В. В. Розанов. Полное собрание сочинений. В 35 томах. Серия ‘Литература и художество’. В 7 томах
Том четвертый. О писательстве и писателях
Статьи 1908-1911 гг.
Санкт-Петербург, 2016
А ШЕЙН?..
Мысль, блистательно изложенная, очаровывает и подкупает… Но чтобы ей окончательно победить — надо ей встретить резкое возражение и, разбив его, стать окончательно истиною. Пишу эту заметку с истинным желанием ‘победы’ хитрому г. Чуковскому, который, будучи только сионистом, одурачил русскую читательскую публику и даже ввел в заблуждение некоторых неопытных писателей, как, напр., г. М. Бугровского. ‘Россия — для русских’, ‘Германия — для немцев’, ‘Сибирь — для сибиряков’, ‘Якутская область — для якутов’: к этой полустарой, полуновой программе евреи приставили свое ‘еврейский труд, еврейский ум, еврейская предприимчивость — только для нашего гетто’, ‘для черты оседлости, где мы страдаем’, ‘для евреев’. ‘Прочь Россия и все русское’, ‘дальше от себя откинем все русские интересы, всю русскую культуру и, во главе всего, русскую литературу. Перестанем ею заниматься’.
Если бы в то же время г. Чуковский сказал: ‘перестанем в России отдавать деньги в рост, заниматься маклерством’ и проч., и проч.? Но он этого не говорит. Он не предлагает евреям отрицаться русских доходов, а предлагает им только отрицаться русской литературы. ‘Души не надо, кошелек — пожалуйте’. Просто и выразительно.

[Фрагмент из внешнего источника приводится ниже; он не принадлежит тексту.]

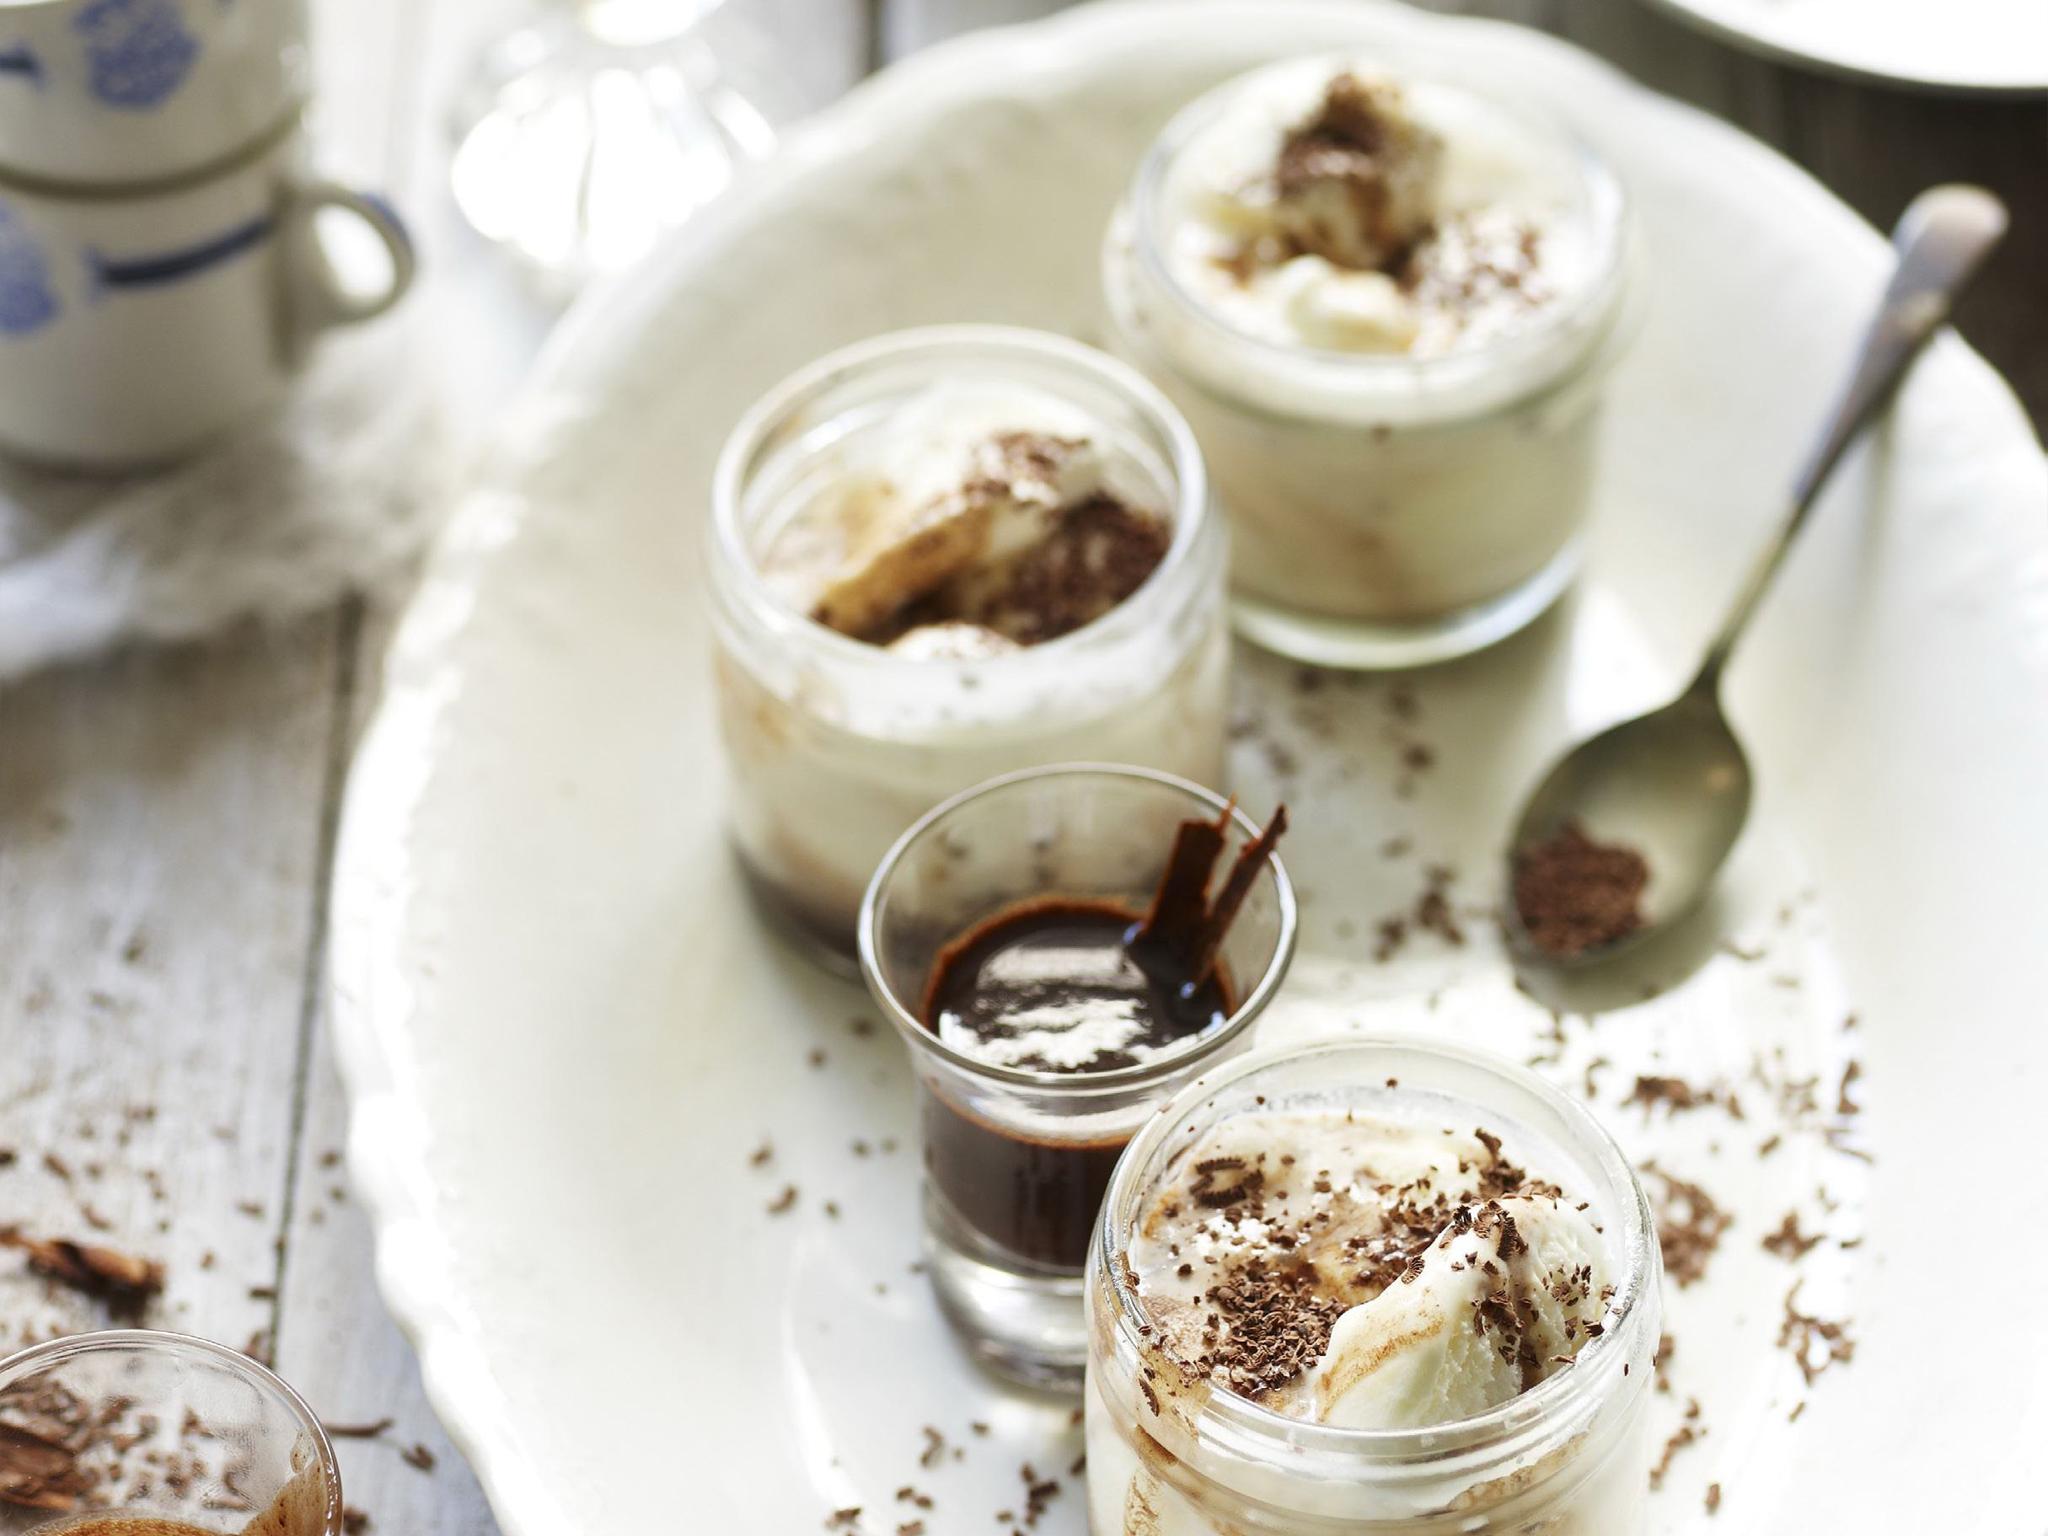 Our easiest, yummiest and quickest dessert recipes ever

Никто не разобрал этой стратегии Чуковского, и все закричали: ‘Браво! браво!’ в ответ на заявление, что Пушкиных никогда евреи не дали и не дадут. Конечно, это так. Может быть, и Россия не даст второго Пушкина. Пушкины — не апельсины, которых обираешь десятками с одного дерева. Вообще, для чего говорить о гениях? Гений всегда есть чудо, и в появлении его участвует какая-то тайна. Об этом дивную страницу написал сам Пушкин, излагая мысль свою на примере из истории Франции. Пушкина едва ли дадут нашей литературе и немцы, которых у нас целых три провинции. Но мы посмотрели бы крайне неприязненно, если бы какой-нибудь рижанин и ревелец стал подучивать своих соотчичей: ‘перестанем заниматься и любить русскую литературу‘. Дело именно в этом ядовитом предложении г. Чуковского ‘бросить, забыть, не читать русскую литературу’…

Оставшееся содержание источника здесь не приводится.